Client Configuration

As mentioned previously, these instructions are based off an Android 5.0.1 device, but should be applicable to other versions of Android and iOS with slight modifications.

  1. Enter the VPN settings via Settings > Wireless & networks > More > VPN.
  2. Add a new VPN connection by tapping the plus icon.
  3. In the Name field, enter a user-friendly name for your VPN connection.
  4. In the Type drop-down, select “IPSec Xauth PSK”.
  5. In the Server address field, enter your router’s public IP or hostname.
  6. Leave the IPSec identifier field blank.
  7. In the IPSec preshared key field, enter the preshared key from your ipsec.secrets file.
  8. Tap Save.
  9. Tap on your new VPN connection to start connecting. When prompted, enter your username and password from your ipsec.secrets file, optionally save the account information and tap connect.
  10. If working, you should see the comment under your VPN’s name change to “Connected” and see a key icon in your notification area.

Enabling Always On

Now that your VPN is working, the always-on mode can be enabled. This will force the VPN to be connected at all times and block any data traffic until it has been connected – much easier than having to remember to connect each time.

  1. Enter the VPN settings via Settings > Wireless & networks > More > VPN.
  2. From the menu, select “Always-on VPN”.
  3. Select the name of the VPN profile you just created, and then tap OK.

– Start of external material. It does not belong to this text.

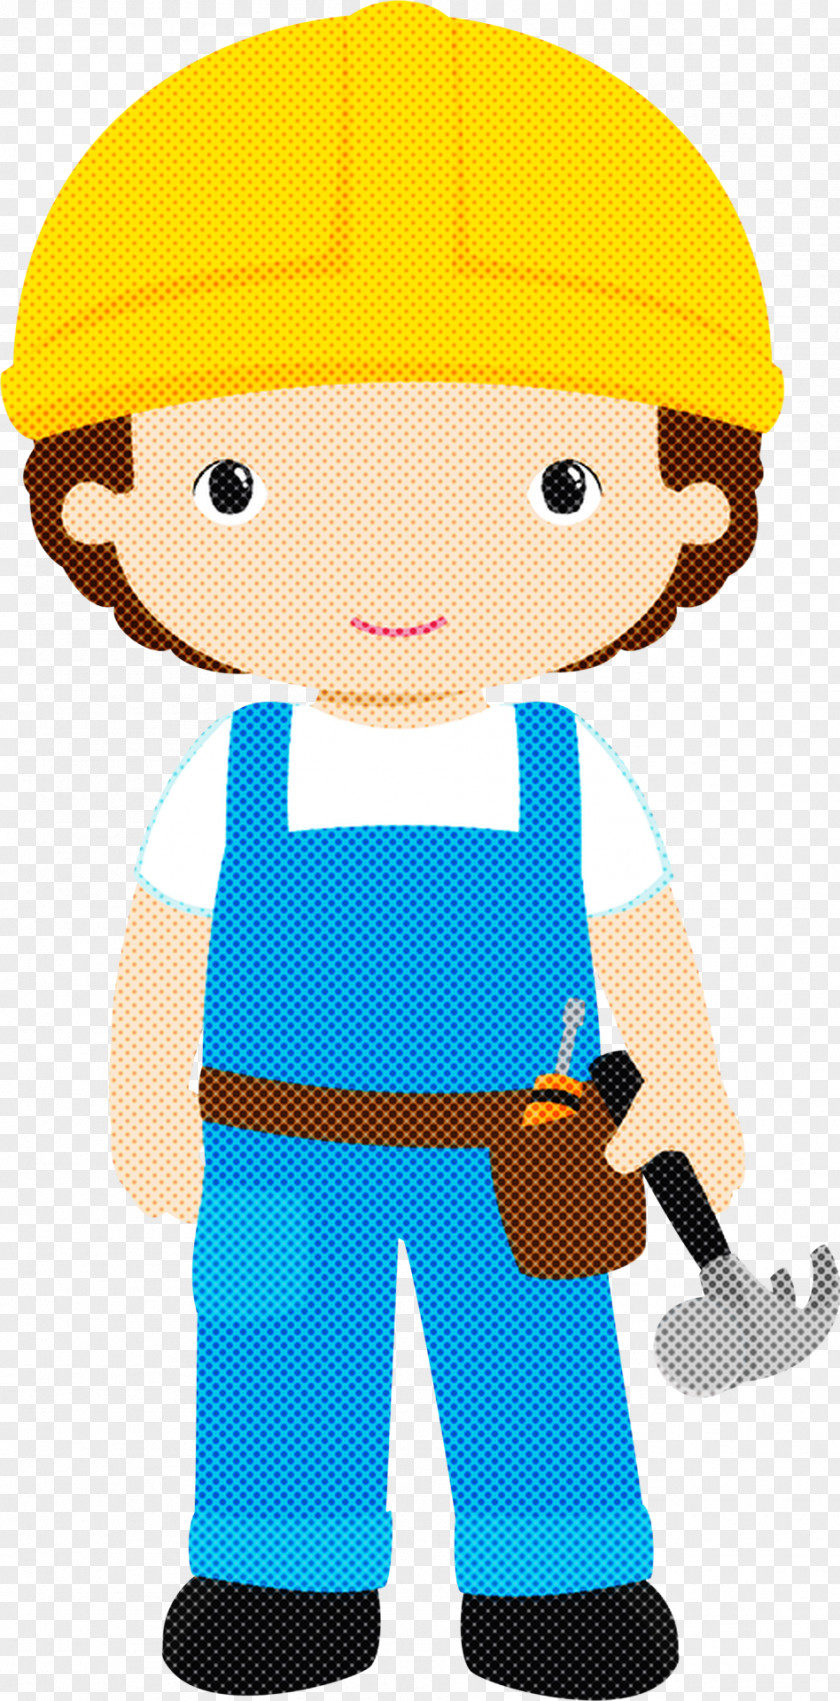 Cartoon Construction Worker Child PNG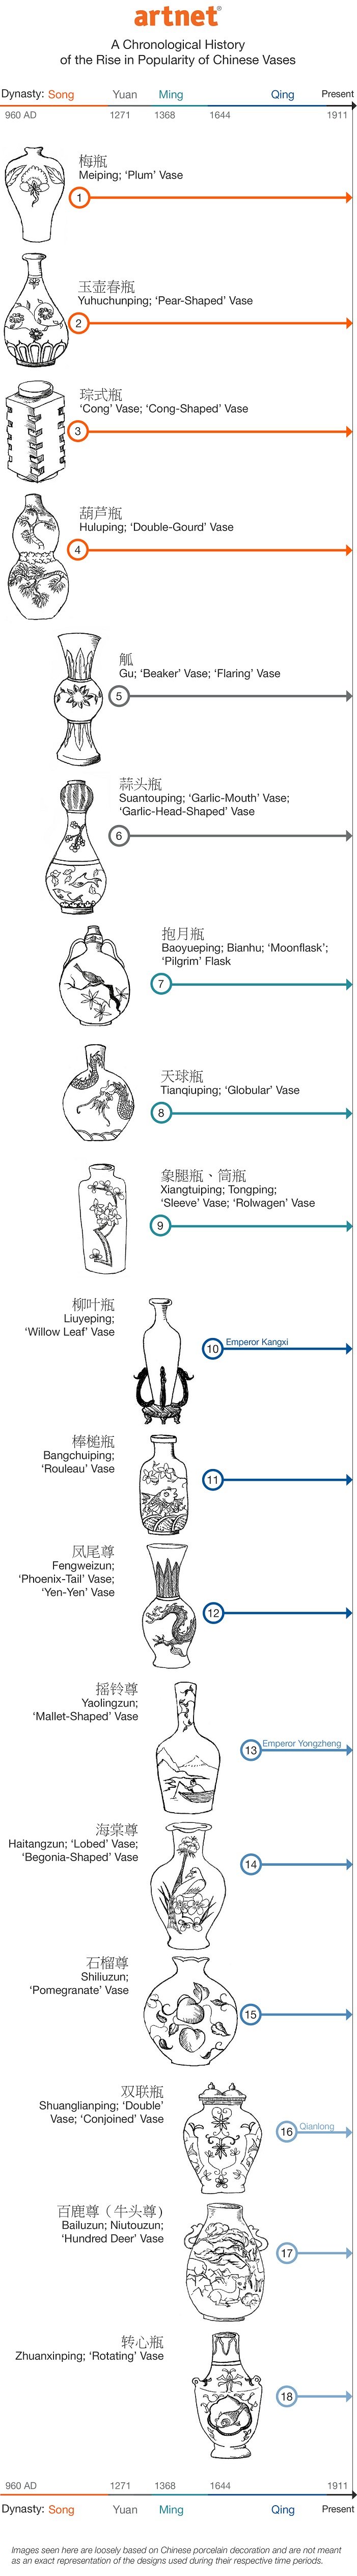 Chinese Vase infographic

After enabling as an always-on VPN, it should attempt to connect automatically and you’ll get a notification in the notification area.

Always on VPN notification.

Always on VPN notification.

The “Reset” action is useful if the VPN connection goes stale, which can occasionally happen.

Troubleshooting

Although IPSEC is a nice, standardised protocol, it can be very unforgiving to configuration issues. Viewing the log live while attempting to connect can be very useful in identifying connection issues. To do this, run tail -f /var/log/syslog .

no IKE config found for 1.2.3.4…5.6.7.8, sending NO_PROPOSAL_CHOSEN

This error indicates that none of your configuration entries matched the connection that was attempted. This is normally caused by a few things;

  • Your configuration specifies IKEv1, but you’re using an IKEv2 client or vice-versa.
  • Your left or right definitions are wrong – try temporally  changing them to %any and $any.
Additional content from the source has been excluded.